Hell hath no fury like religious people getting God horribly wrong.
What's worse: they (and we) usually don't have a clue when they’ve lost the plot. There are lots of reasons for our blunders of belief: an insular church culture that naturally resists difference, a rigid theology that tends to mark out a hard line between those who are in and those who are out, an insidious tribalism that can come with spiritual community, or plain old-fashioned ego that insists on being right in matters of faith.
But regardless of the causes, the bottom line is that it's difficult to detect our personal blind spots and this makes it really easy for we who claim faith to fail miserably.

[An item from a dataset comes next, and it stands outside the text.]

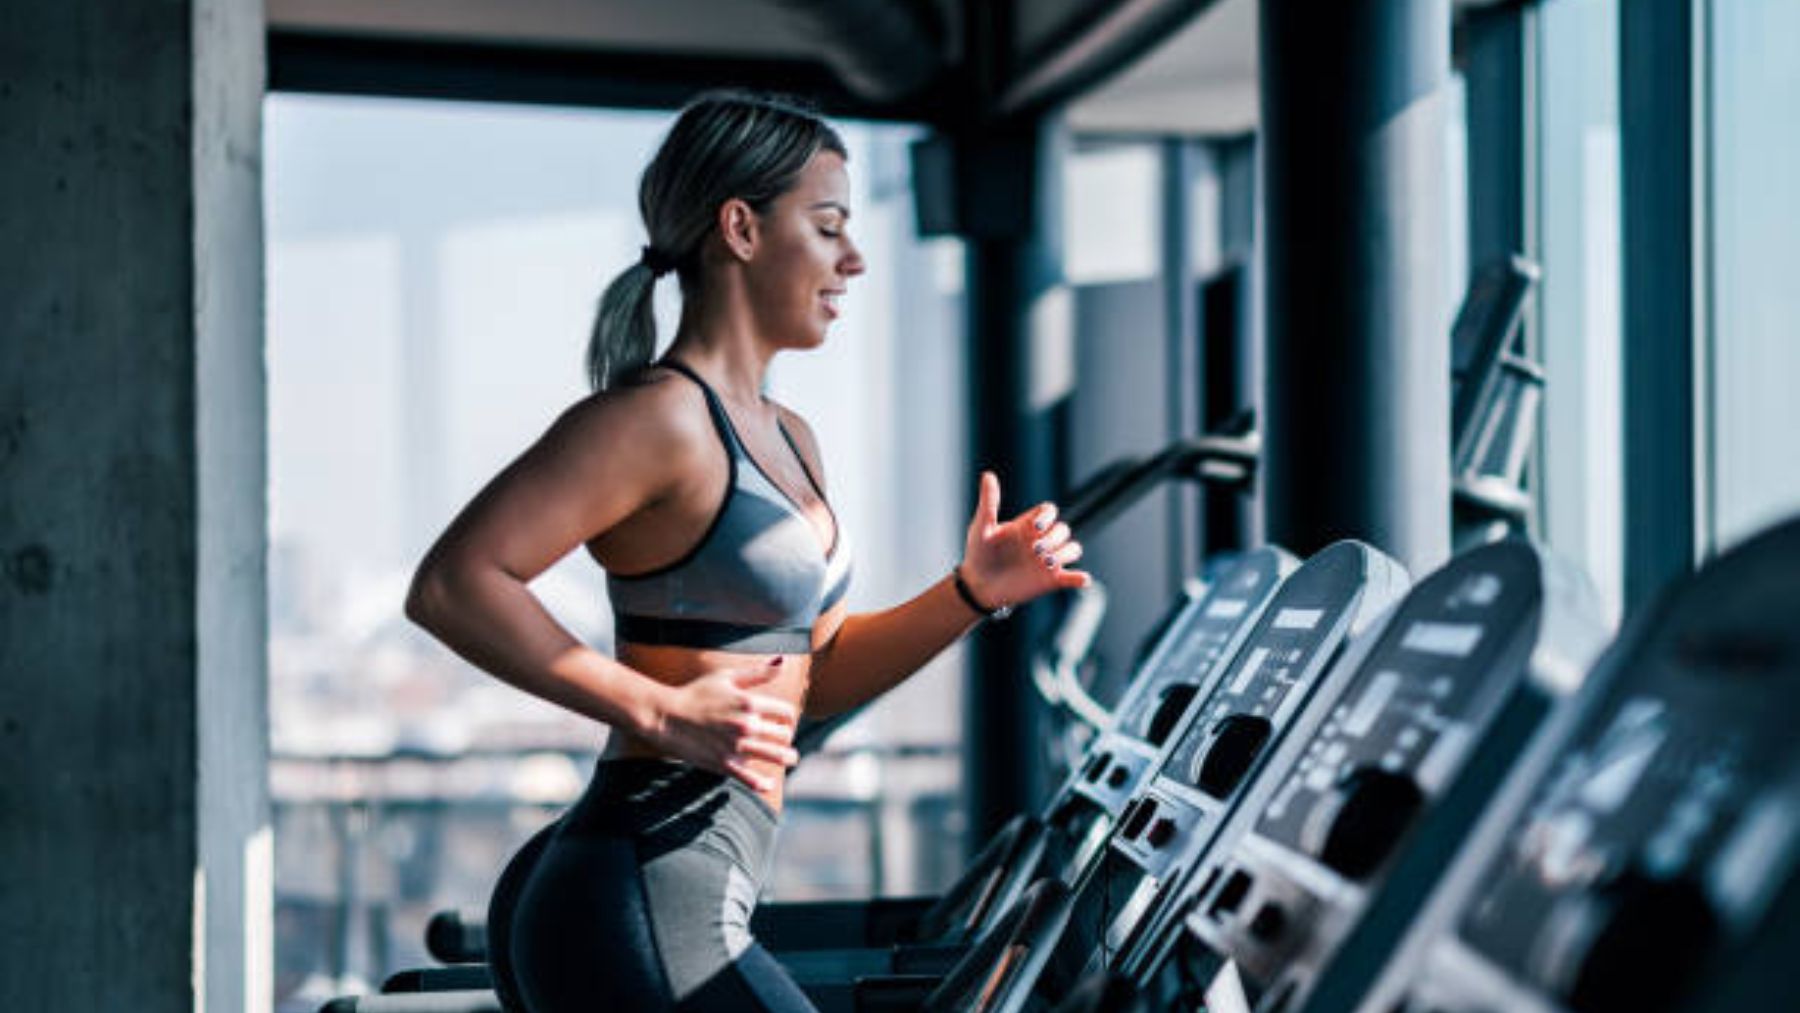 Máquinas del gimnasio para perder calorías y tonificar - Mejor con Salud

When we do, our religion can become weaponized and we can totally jack people up in the name of God while feeling fully righteous in the process.

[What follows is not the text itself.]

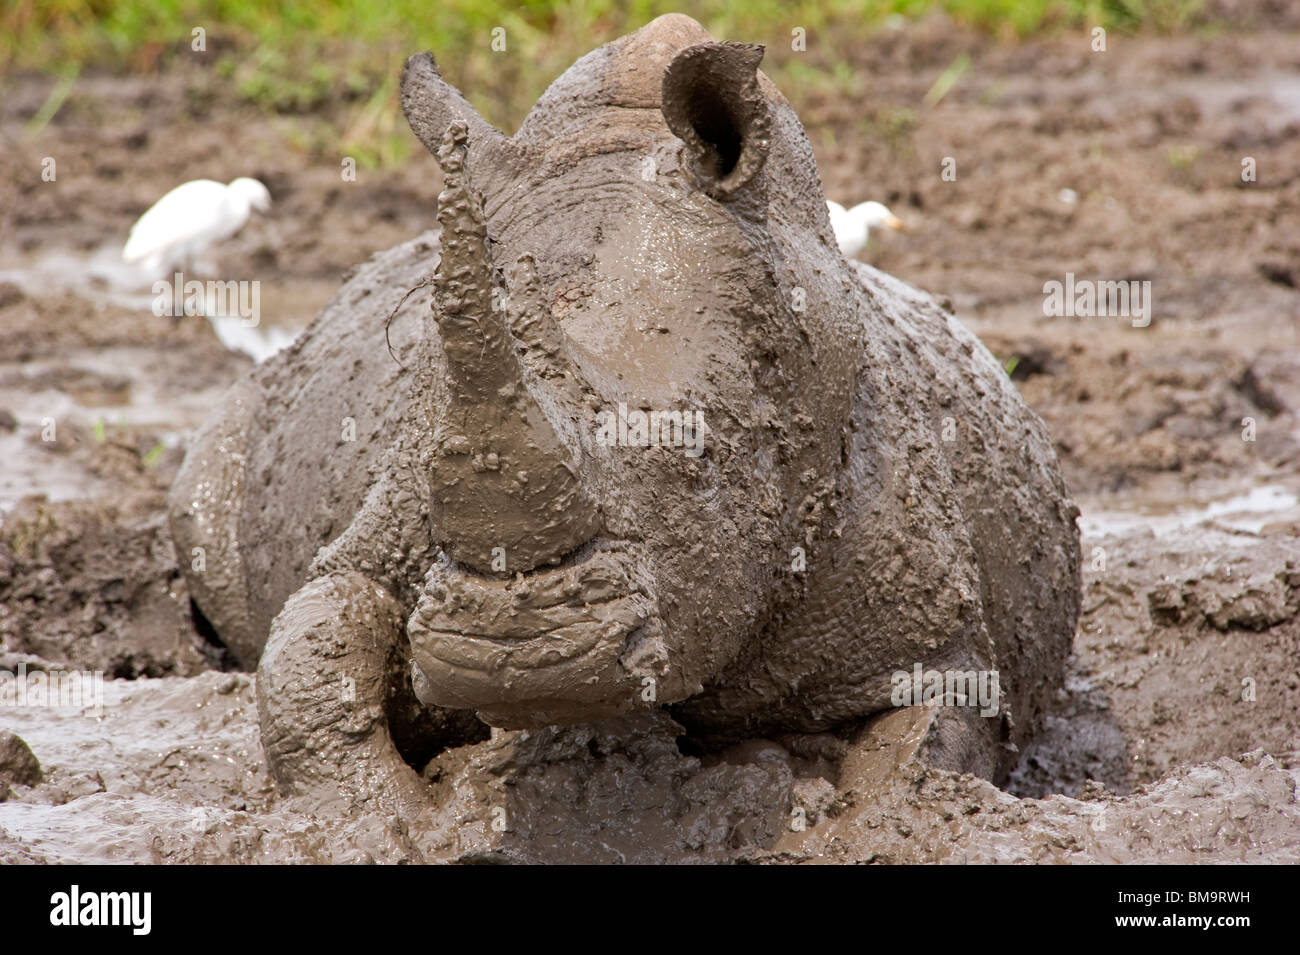 White Rhino bathing in mud Stock Photo

So, if you fancy yourself a religious person and you want to know if you may be getting it wrong, here are a few possible clues:
You believe that God's pigmentation, gender, sexual orientation, ethnicity, and personality exclusively mirror your own.
You find yourself invoking God's name to deny other people healthcare, food, safety, marriage, opportunity, or basic human rights.
Your religious worldview requires that others precisely share that worldview in order to have relational or physical proximity to you.
You believe God values your child more than a child across the street, across town, or across the world.
You find yourself continually separating people into either the saved or the damned—with you somehow always winding up among the former.
Your God leads you to respond to people with a closed fist more often than an open hand.
The voice you have in your head for God seems to miraculously always align with your preferences and prejudices—if God loves who you love and hates who you hate.
Your religion enables you to revel in the suffering of others, the shedding of blood, the waging of war, or the ending of life.
You believe God specifically blesses your country, votes for your political party, or roots for your football team.
Your religion can justify more money for the military than for healthcare.
You're certain that your religion is the only right one, your holy book is the only right one, and that your interpretation of that book is the only right one.
You feel like God is out to squash you or someone else.
You are sure you've gotten religion fully right.
The essence of honest spirituality is that none of us have it all figured out, that there are always gaps in our understanding, and that unless we continually guard against it, we will invariably default to creating a God in our own image. Relentlessly pursuing a posture of humility in matters of belief is the only way to get it right more than we get it wrong.
Cling tightly to your spiritual pursuits and aspirations but hold your conclusions loosely.
At the end of the day, it doesn't really matter how convinced you are that you've cracked the code or how certain you are that you're hearing God correctly or how fervently you believe what you believe. If you claim faith and your presence here on the planet doesn't leave it more decent, more diverse, more generous, more compassionate, and more loving than when you got here—there's a problem.
As preacher Billy Sunday once said, "If you have no joy, there's a leak in your Christianity somewhere."
Likewise, if your theology leads you to animosity, hatred, pride, malice, or superiority, it's probably not worth holding onto and it probably doesn't reflect the truth of whatever and whoever God is—it likely just resembles you. So, cling tightly to the pursuits and aspirations but hold your conclusions loosely.
Religion at its best can be a beautiful thing. it can be a path to experiencing peace, to doing life better, and to becoming the kind of person the world needs. But it can also be the source of profound violence against people that we can come to believe God co-signs, so do all that you can to make sure yours is yielding something worthy.
Try like hell to get God right.
“Hold your conclusions lightly.” 😍 I can’t find a better way to describe peace.